- WHAT YOU SHOULD DO -
Repeat, exactly as written, the lines from the one with "L'icône d'un pousse-pousse" to the final line of the listing, and keep every picture out.

- RAW DATA -
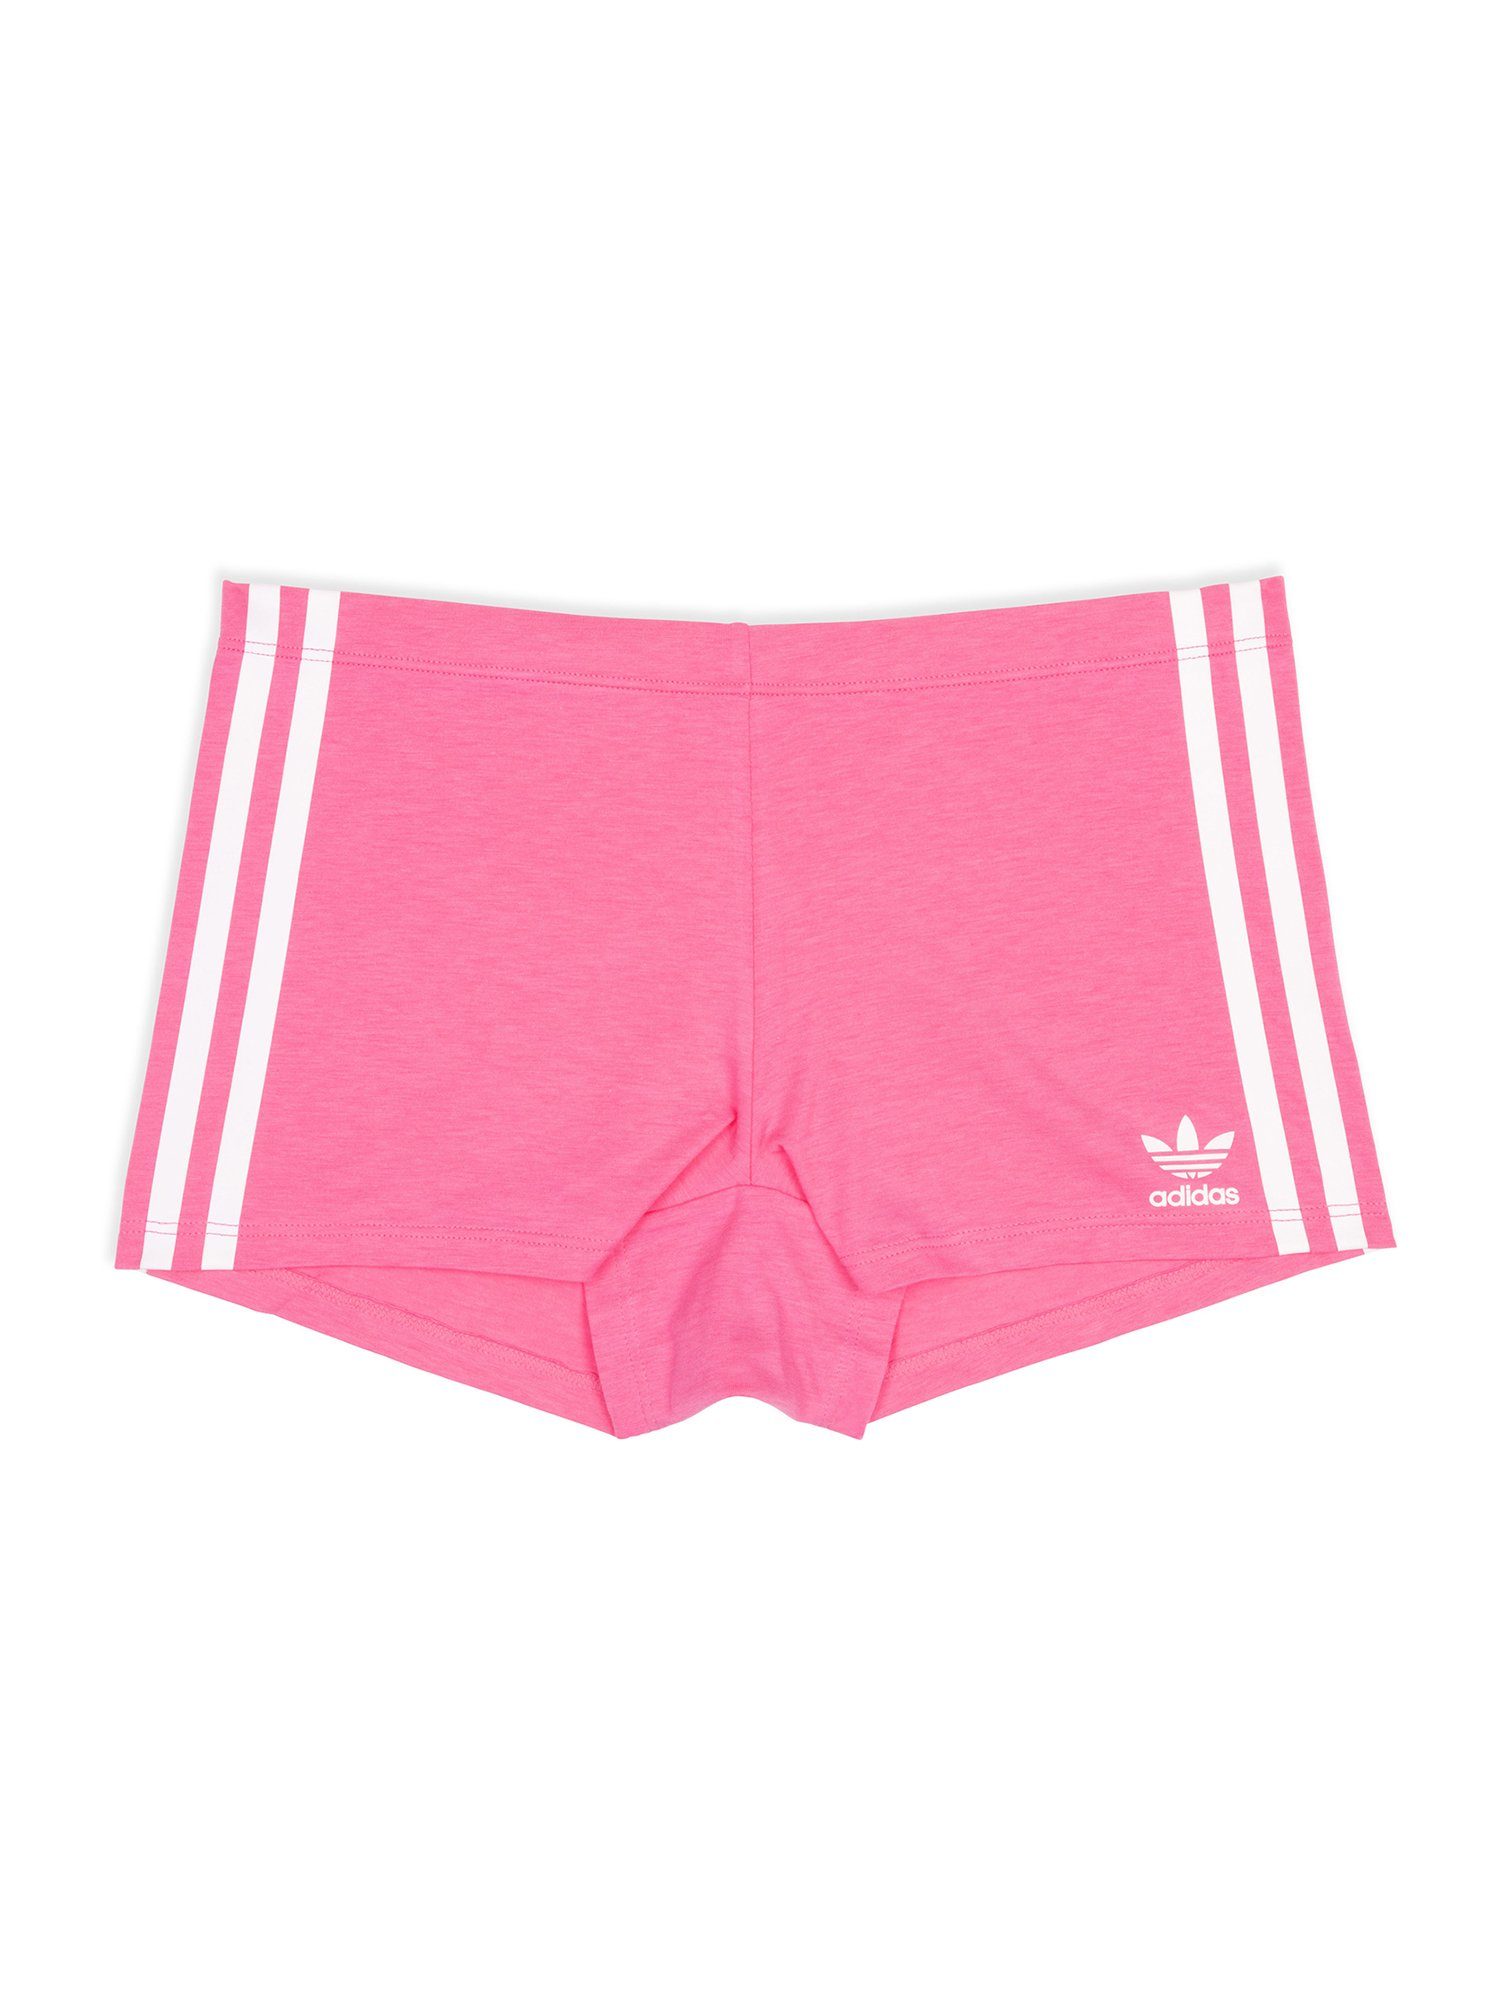 adidas Originals Boxer Biker pink lucid boxershort unterhose Short unterwäsche
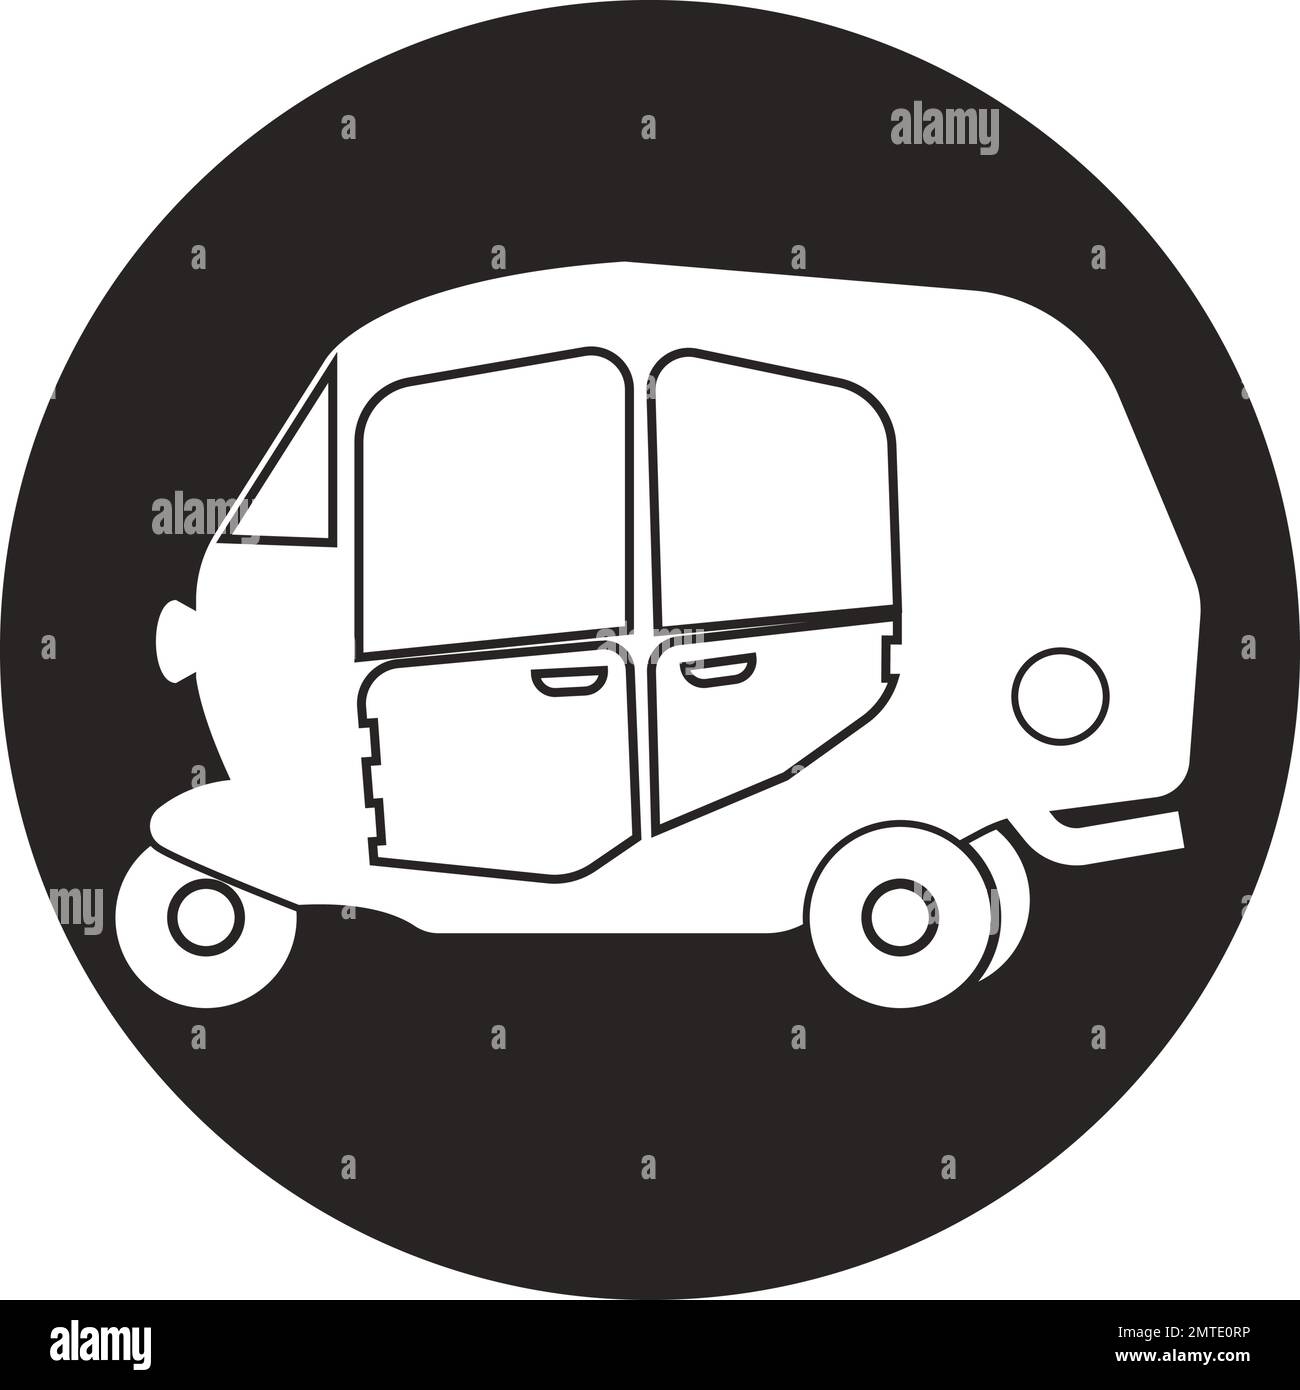 L'icône d'un pousse-pousse motorisé ou d'un transport en commun populaire dans la région asiatique Illustration de Vecteur
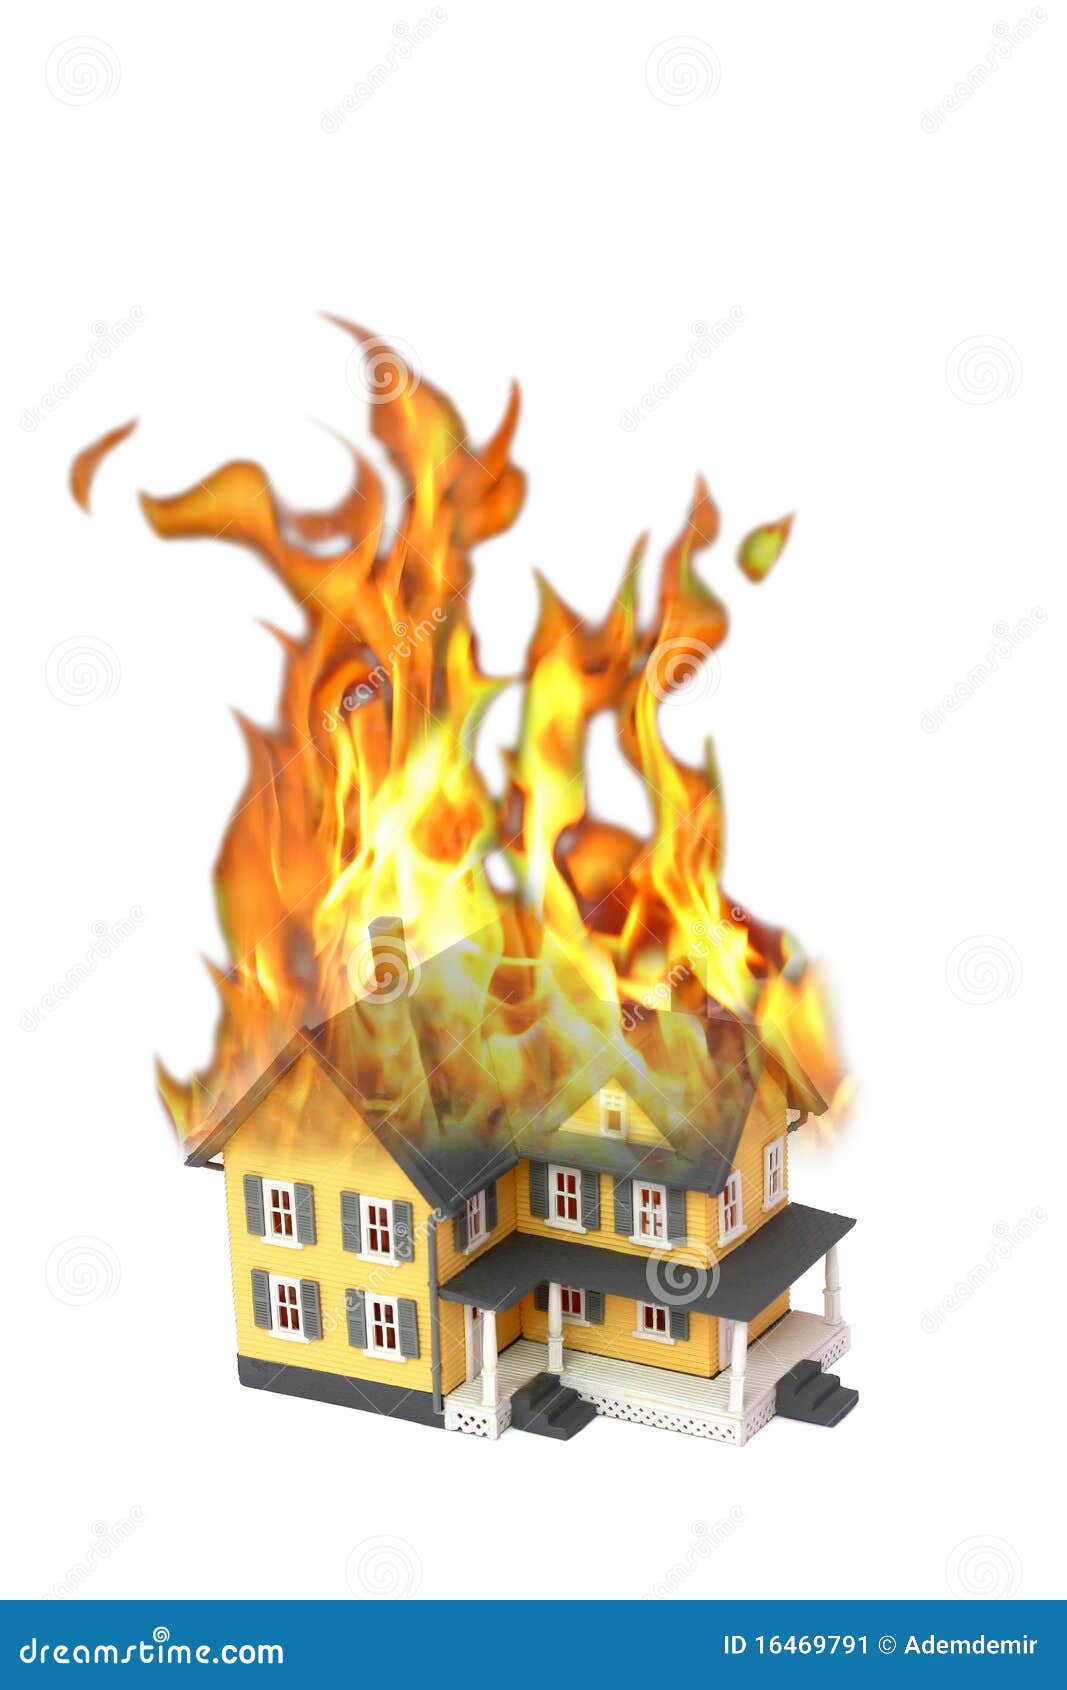 clipart burning house - photo #22
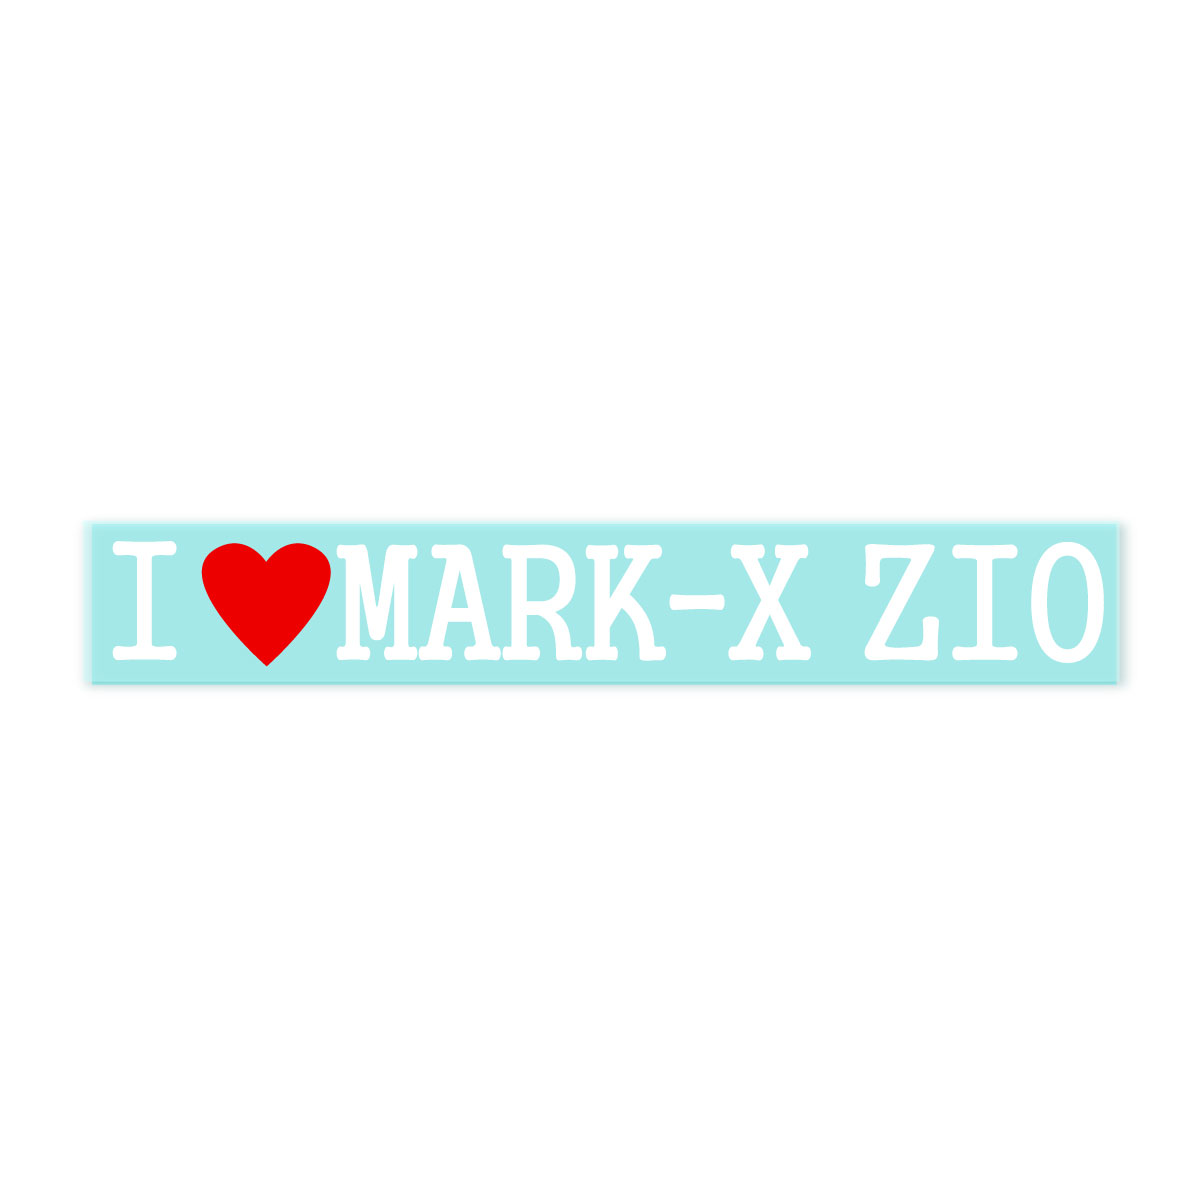 【Fproducts】アイラブステッカー/MARK-X ZIO/アイラブ マークXジオ【ポイント消化】

- RESULT BELOW -
 L'icône d'un pousse-pousse motorisé ou d'un transport en commun populaire dans la région asiatique Illustration de Vecteur
 clipart burning house - photo #22
 【Fproducts】アイラブステッカー/MARK-X ZIO/アイラブ マークXジオ【ポイント消化】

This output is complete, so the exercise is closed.